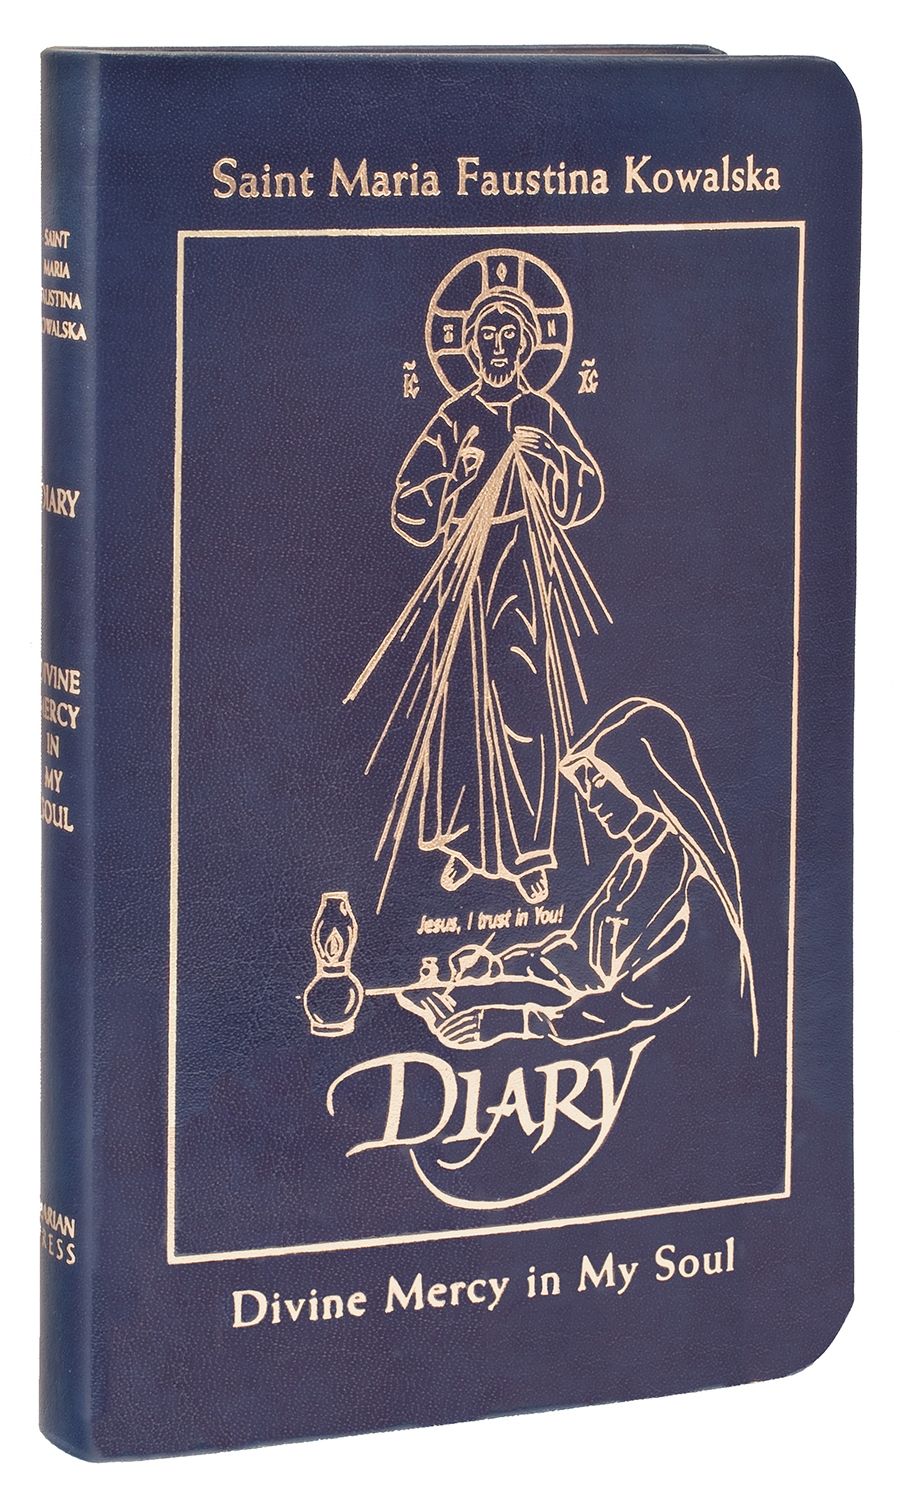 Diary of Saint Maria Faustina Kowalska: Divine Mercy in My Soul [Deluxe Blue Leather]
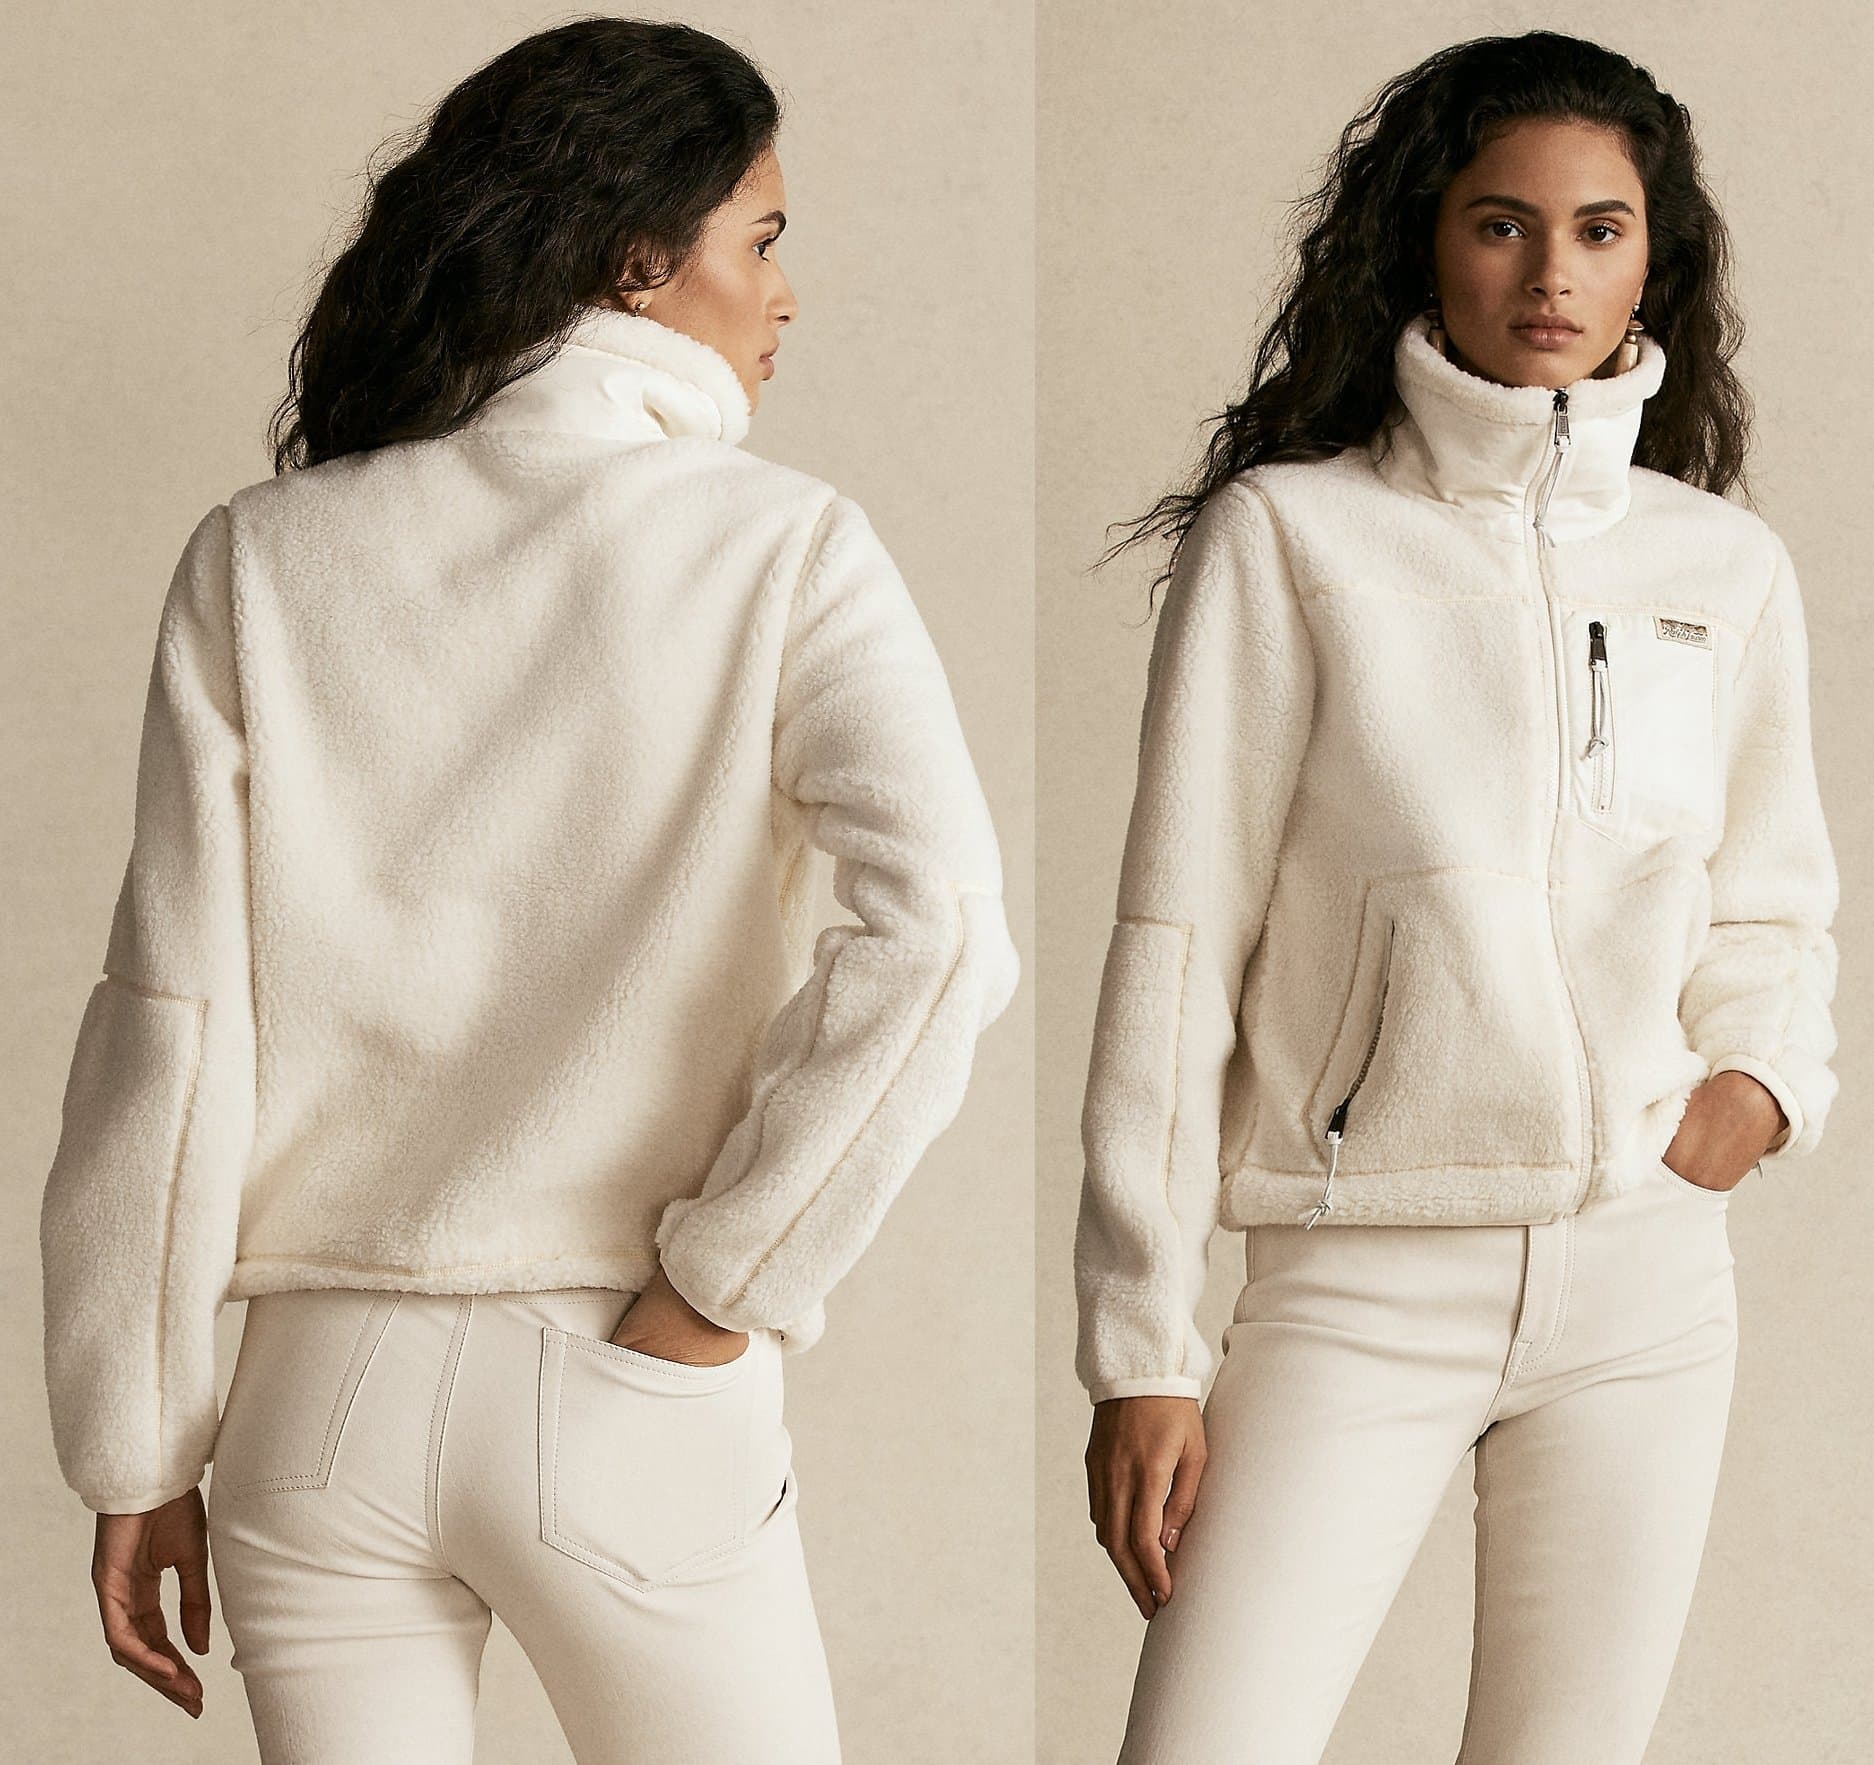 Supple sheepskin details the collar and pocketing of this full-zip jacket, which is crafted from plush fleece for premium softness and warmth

--------------------------------------------------

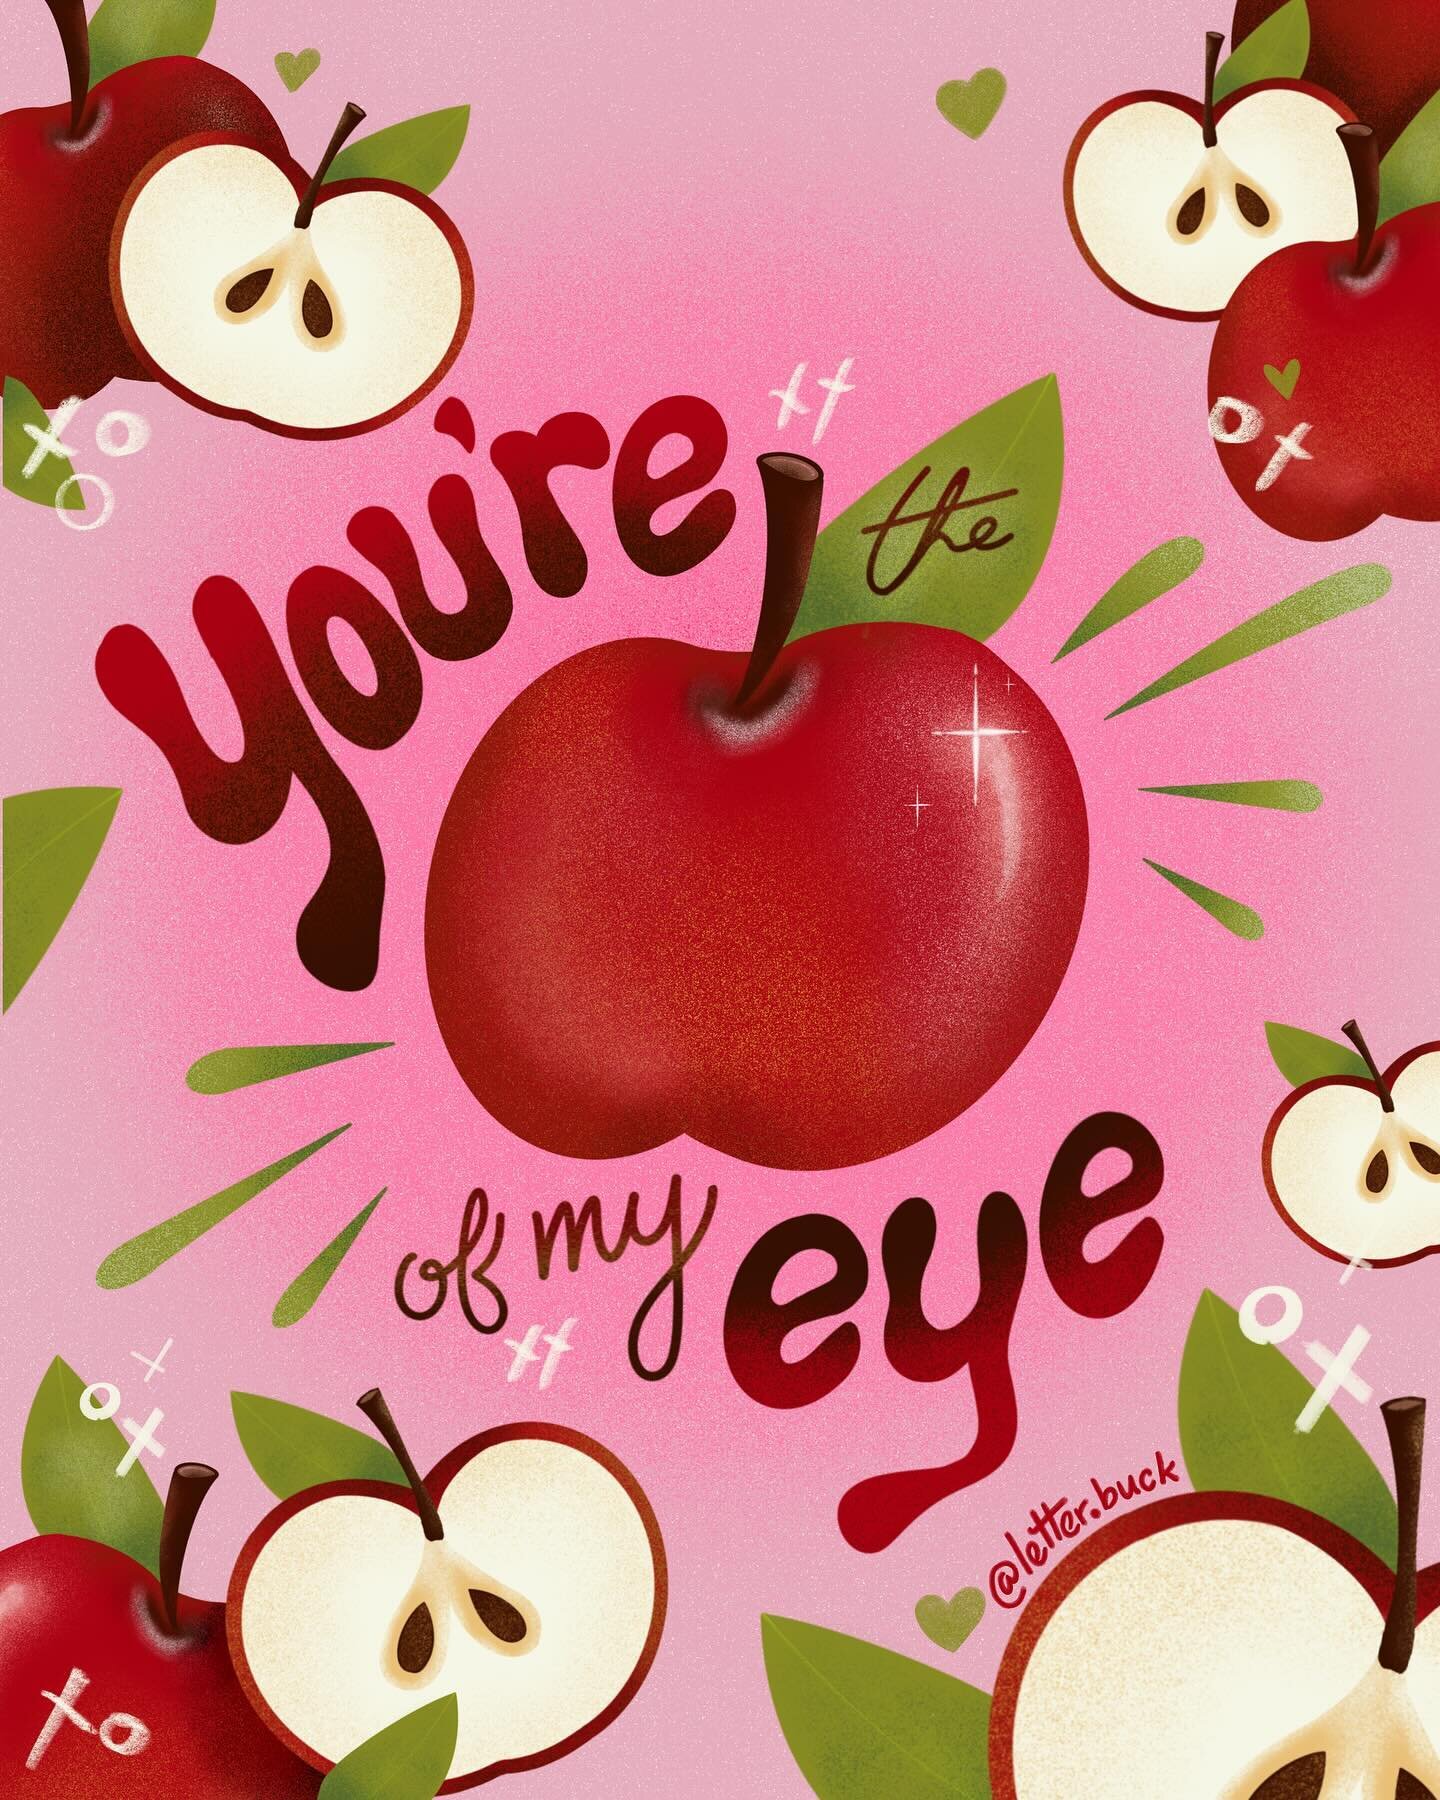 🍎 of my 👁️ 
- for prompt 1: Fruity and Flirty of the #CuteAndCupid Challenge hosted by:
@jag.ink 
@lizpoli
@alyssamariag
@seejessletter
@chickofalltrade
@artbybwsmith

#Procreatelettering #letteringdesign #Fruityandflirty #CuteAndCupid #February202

--------------------------------------------------

* [ASSIGNMENT] Of the lines above, quote exactly those from the one with "Diary of Saint" through the one with "Supple sheepskin details", ends included; pictures stay out.

* [YOUR RESPONSE]
 Diary of Saint Maria Faustina Kowalska: Divine Mercy in My Soul [Deluxe Blue Leather]
 Supple sheepskin details the collar and pocketing of this full-zip jacket, which is crafted from plush fleece for premium softness and warmth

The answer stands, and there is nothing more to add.